• What the task asks
Output every line below exactly, please, omitting pictures.

• Recorded information
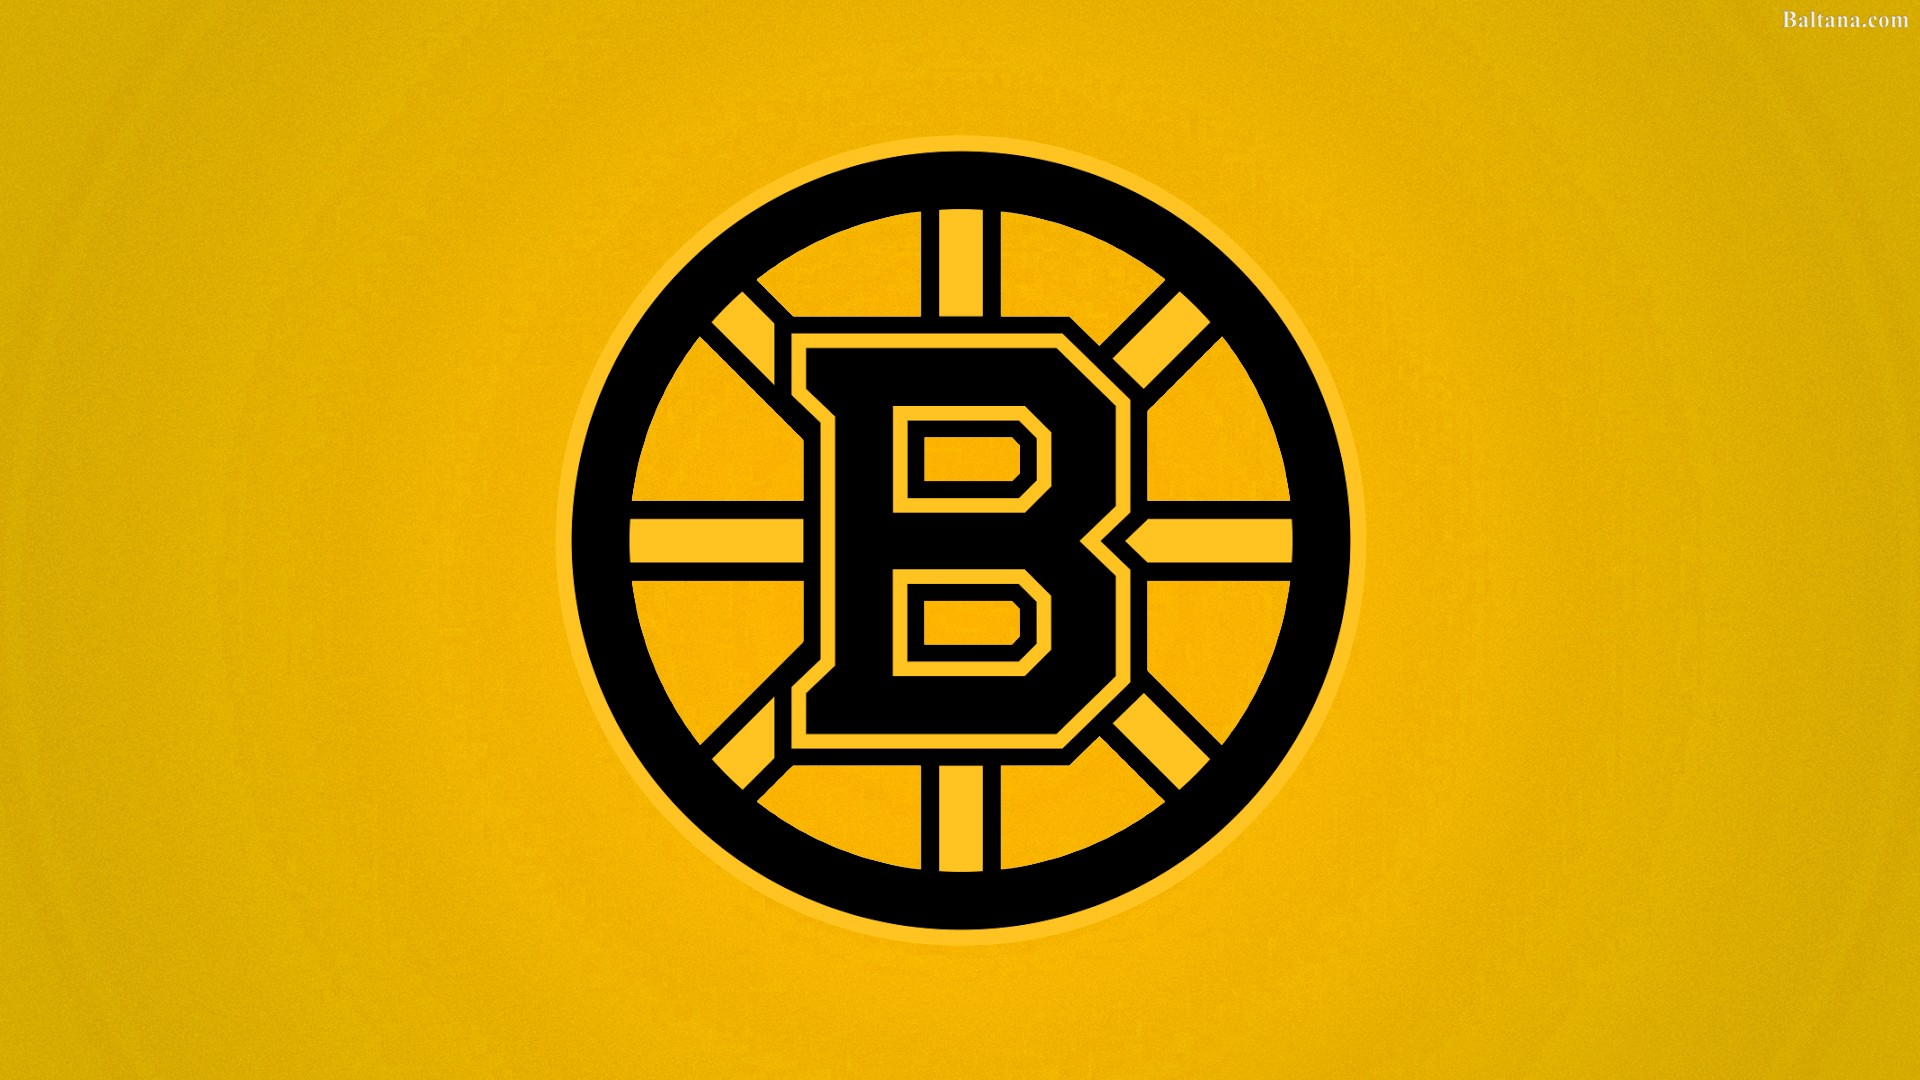 Boston Bruins Background Wallpaper.
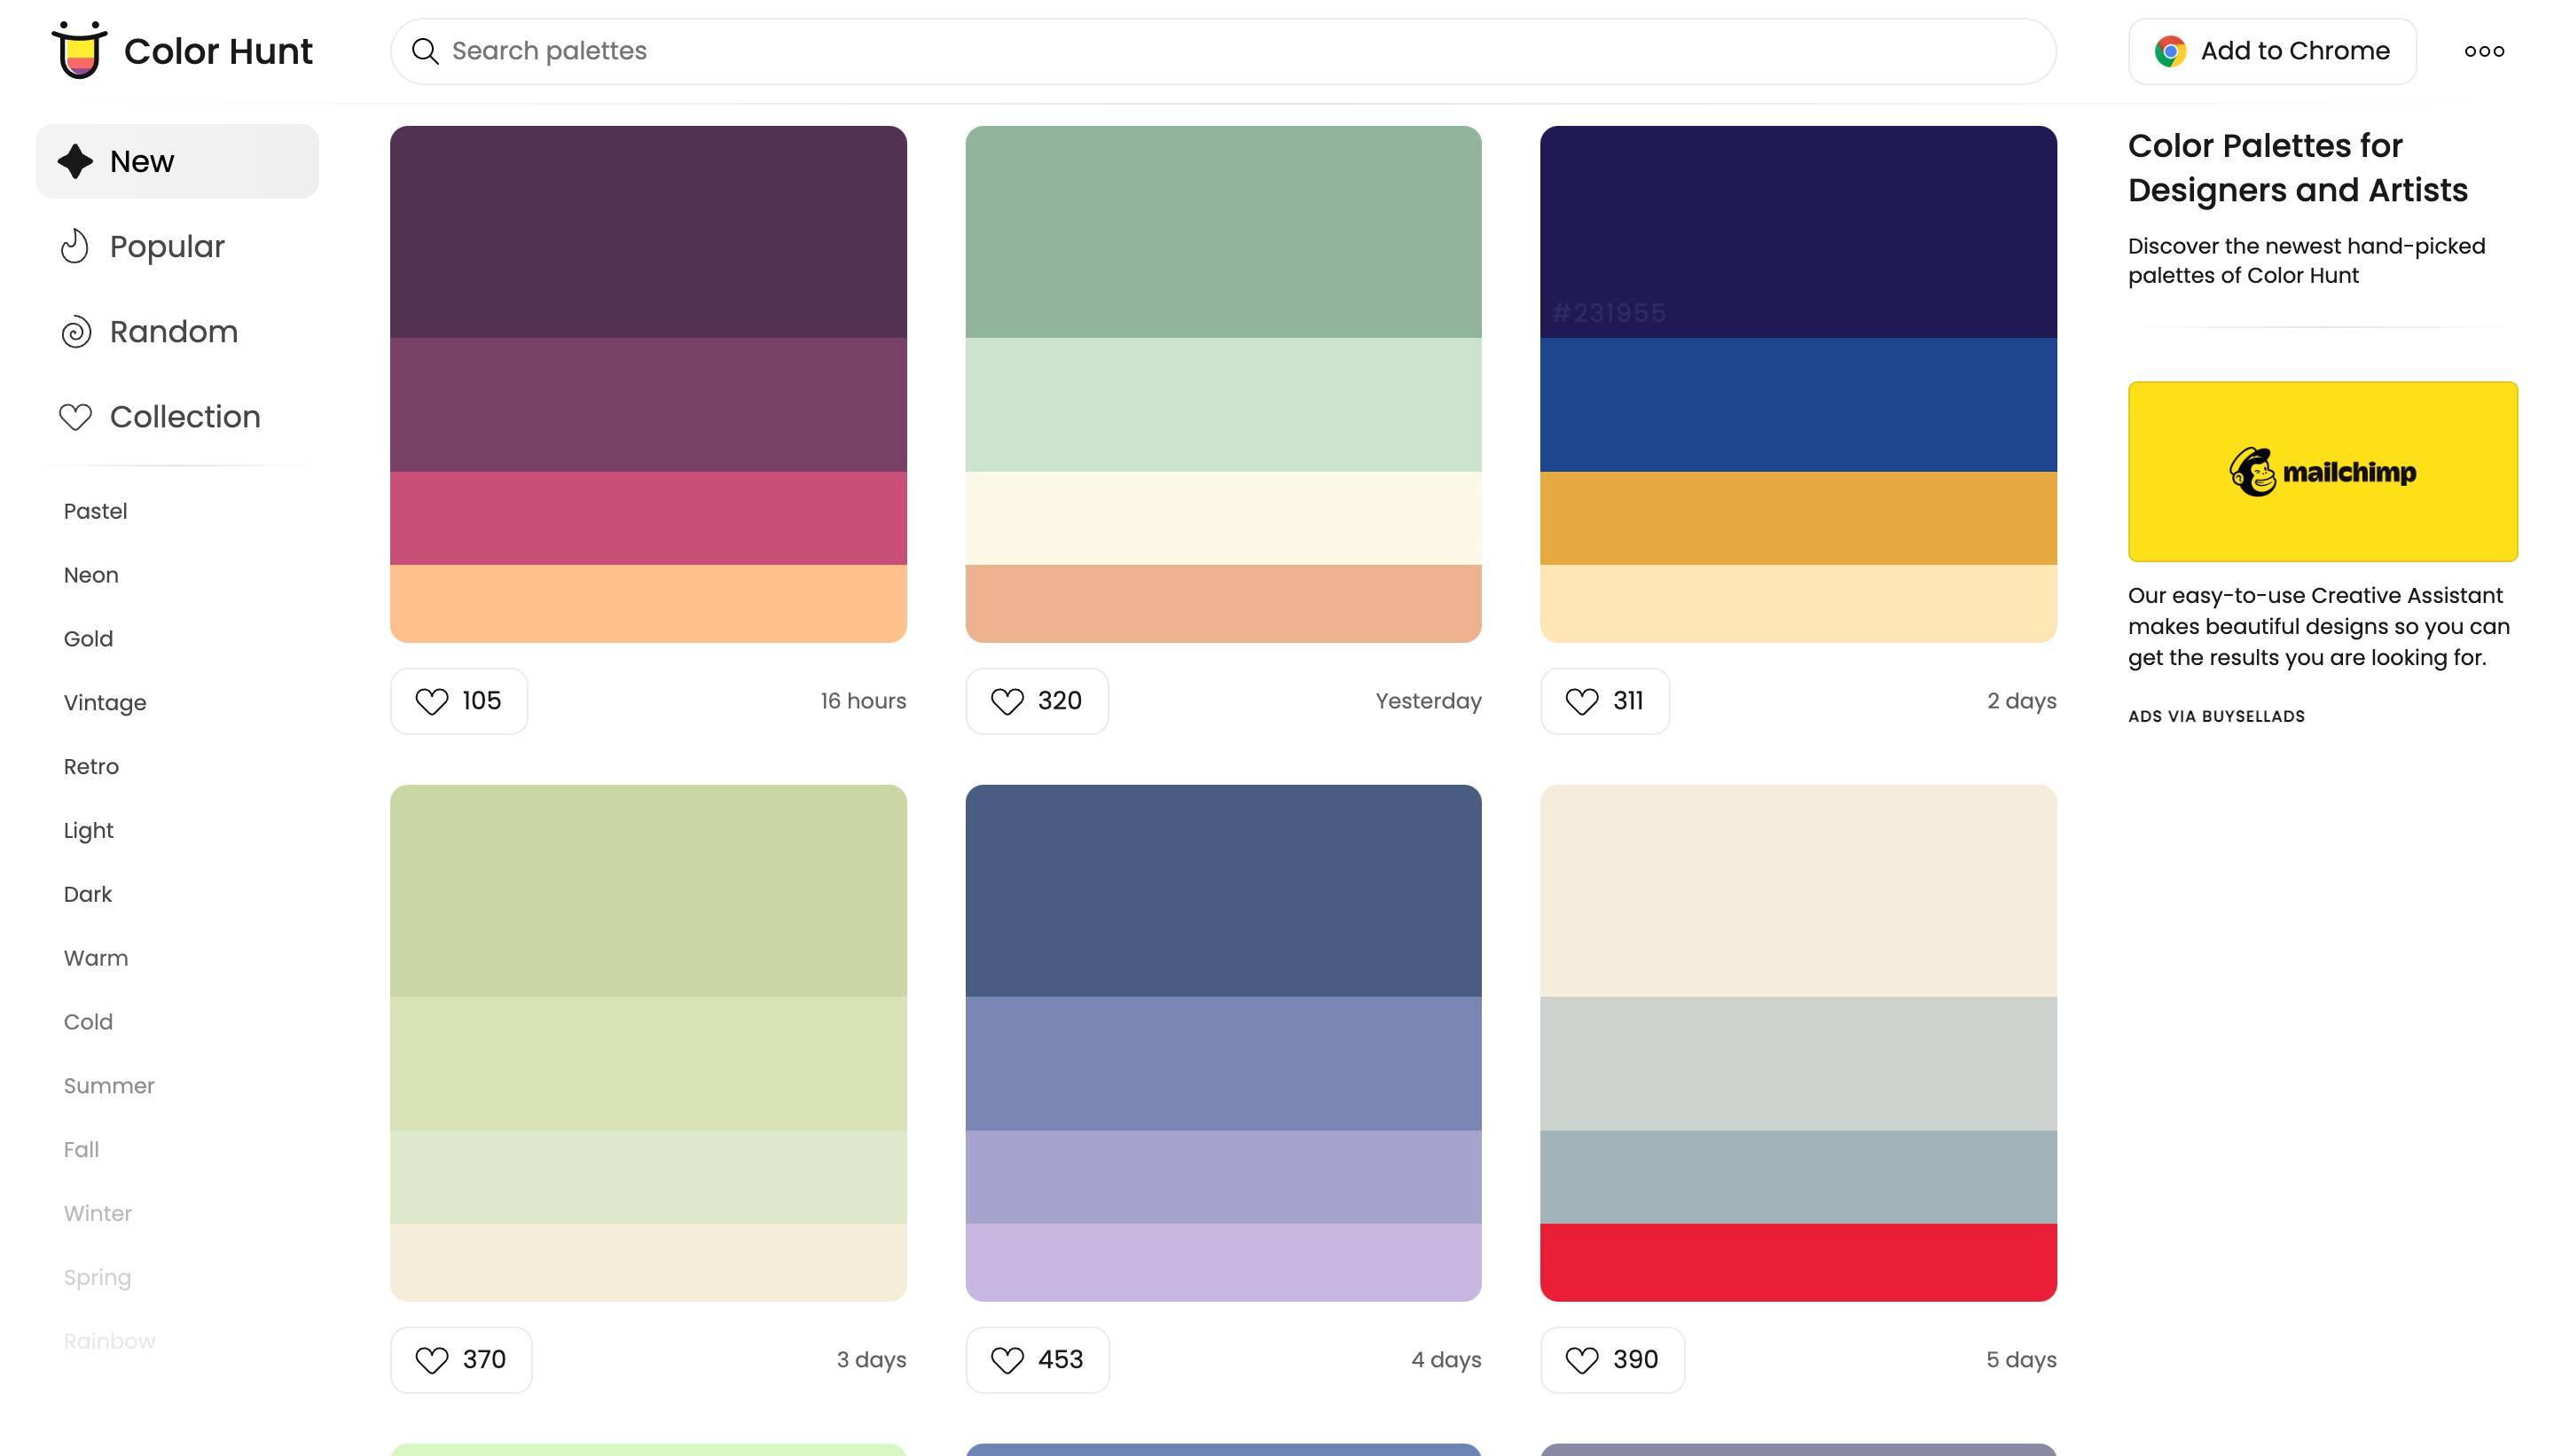 Color Palettes for Designers and Artists - Color Hunt (1).png
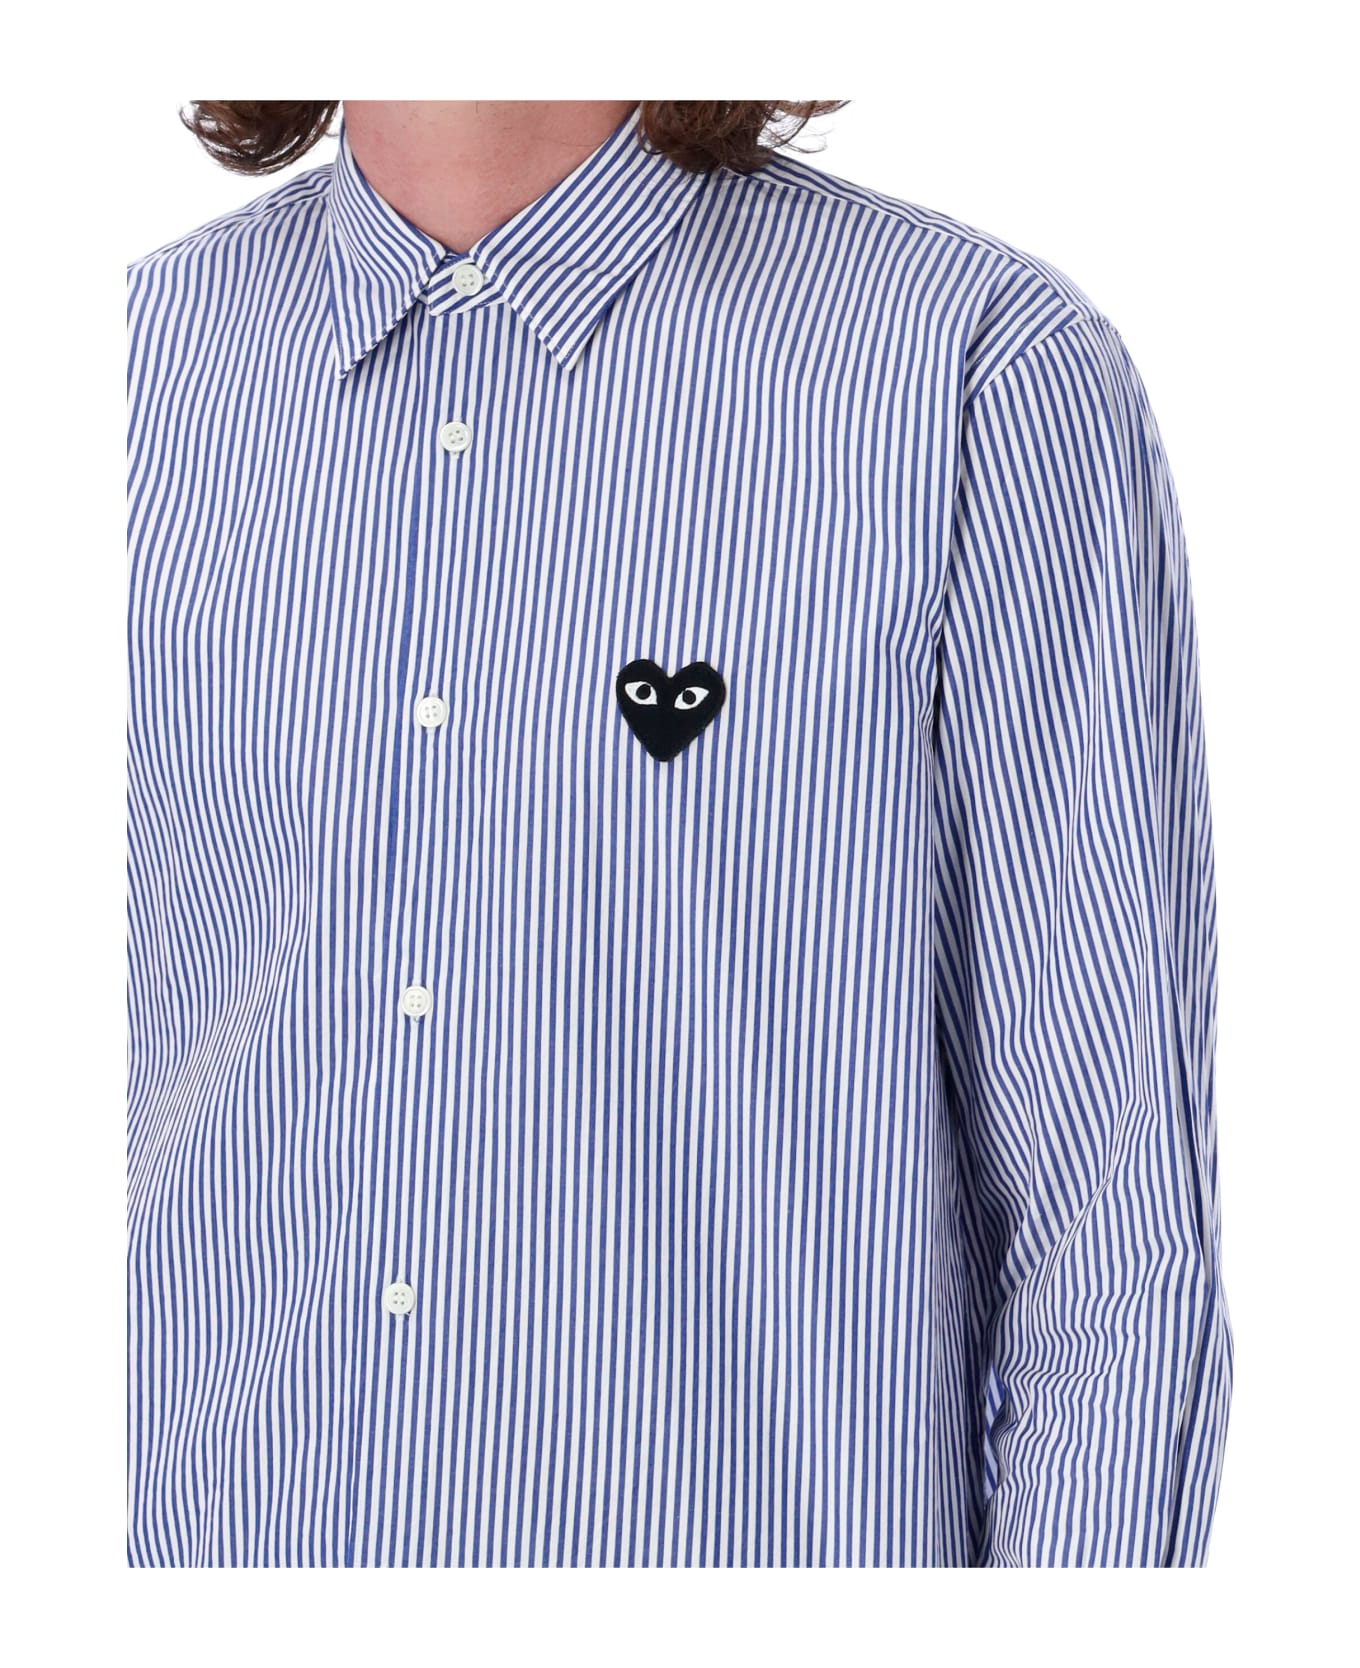 Comme des Garçons Play Striped Shirt With Black Heart Patch - BLUE

• Your solution
 Boston Bruins Background Wallpaper.
 Color Palettes for Designers and Artists - Color Hunt (1).png
 Comme des Garçons Play Striped Shirt With Black Heart Patch - BLUE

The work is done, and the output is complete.